We create a new column 'alive_chapters' that will hold the number of chapter that current dead characters had spent alive.

In [None]:
df_dead_characters['alive_chapters'] = df_dead_characters['death_chapter'] - df_dead_characters['book_intro_chapter']
df_dead_characters = df_dead_characters[df_dead_characters['alive_chapters'] >= 0]
df_dead_characters[['alive_chapters']].head()

In [None]:
df_dead_characters['alive_chapters'].median()
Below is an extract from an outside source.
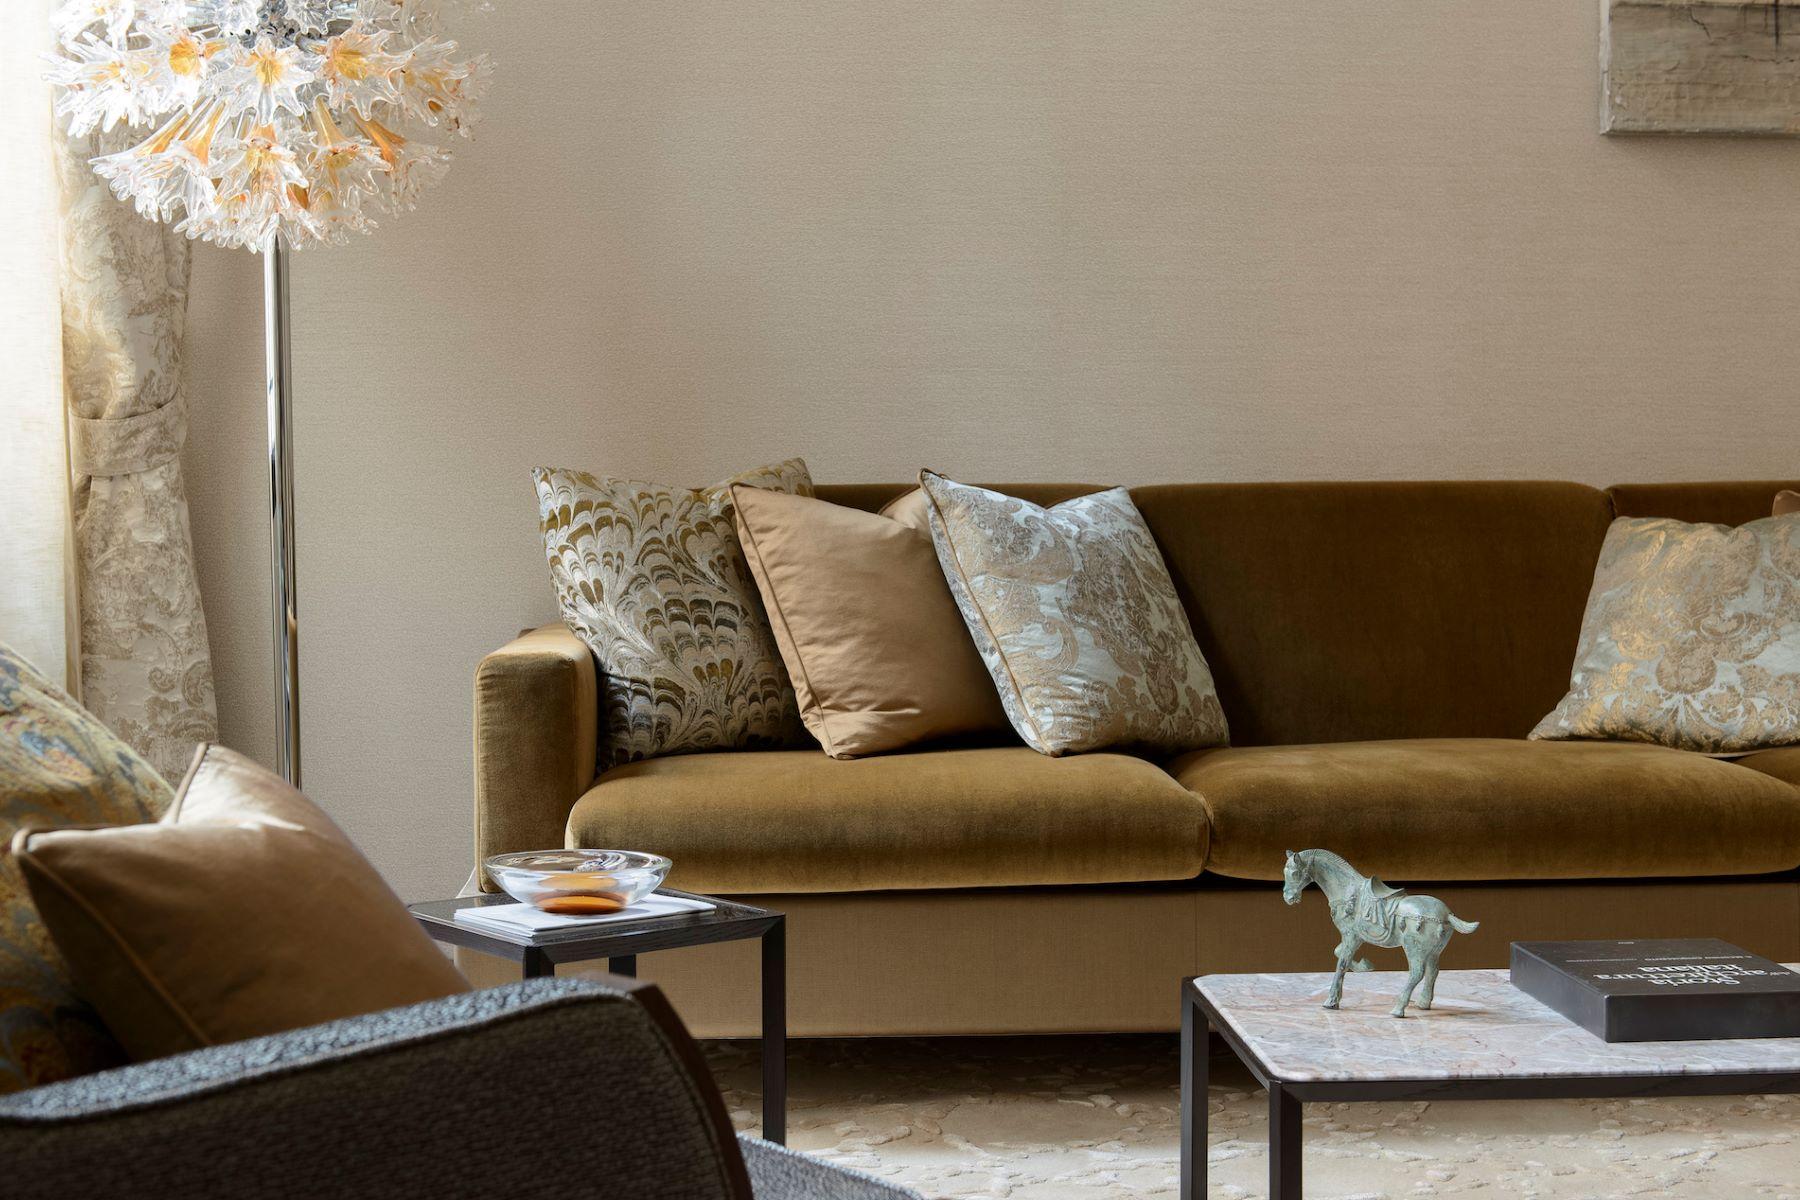 Additional photo for property listing at Vignole apartment at Palazzo Moro Venice Venice Venice, Venice 30124 Italien
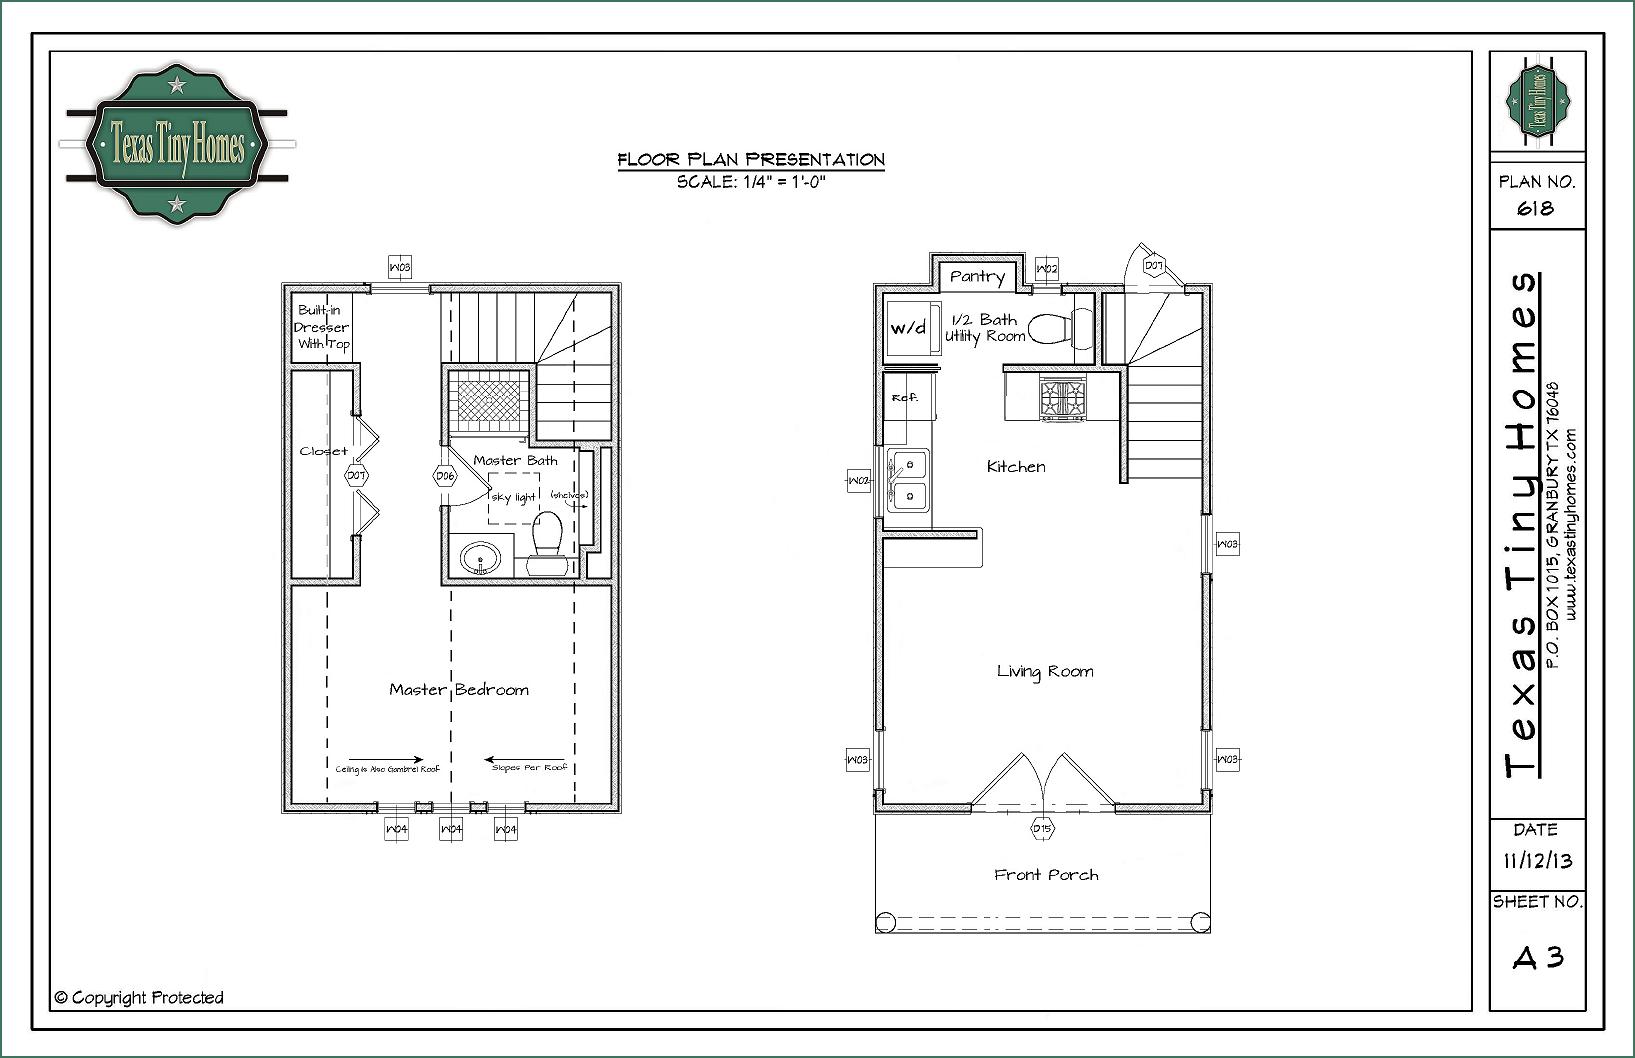 Texas Tiny Homes Plan 618

Using the median, a character takes 11 chapters to die !

In [None]:
df_dead_characters.sort_values('alive_chapters', ascending=False).iloc[0]

The survival award goes to Harma ! She was a wilding and she takes 75 chapters to die, what a score !

<a id='conclusions'></a>
## Conclusions

Thank you very much for your attention 🎉. You've now reached the end of my analysis. We learned so much ! Here a  brief recap.

### 1️⃣ Deaths evolution is stable.

The deaths evolution don't follow a specific trend.

### 2️⃣ Come in the south !

By looking at our bar plot we saw that wildings has the highest proportion of death.

### 3️⃣ I hope you're a noble !

Statistics show that nobles have a lower probability to die.

### 4️⃣ How fast will you die ?

Using the median, characters takes 11 chapters to die.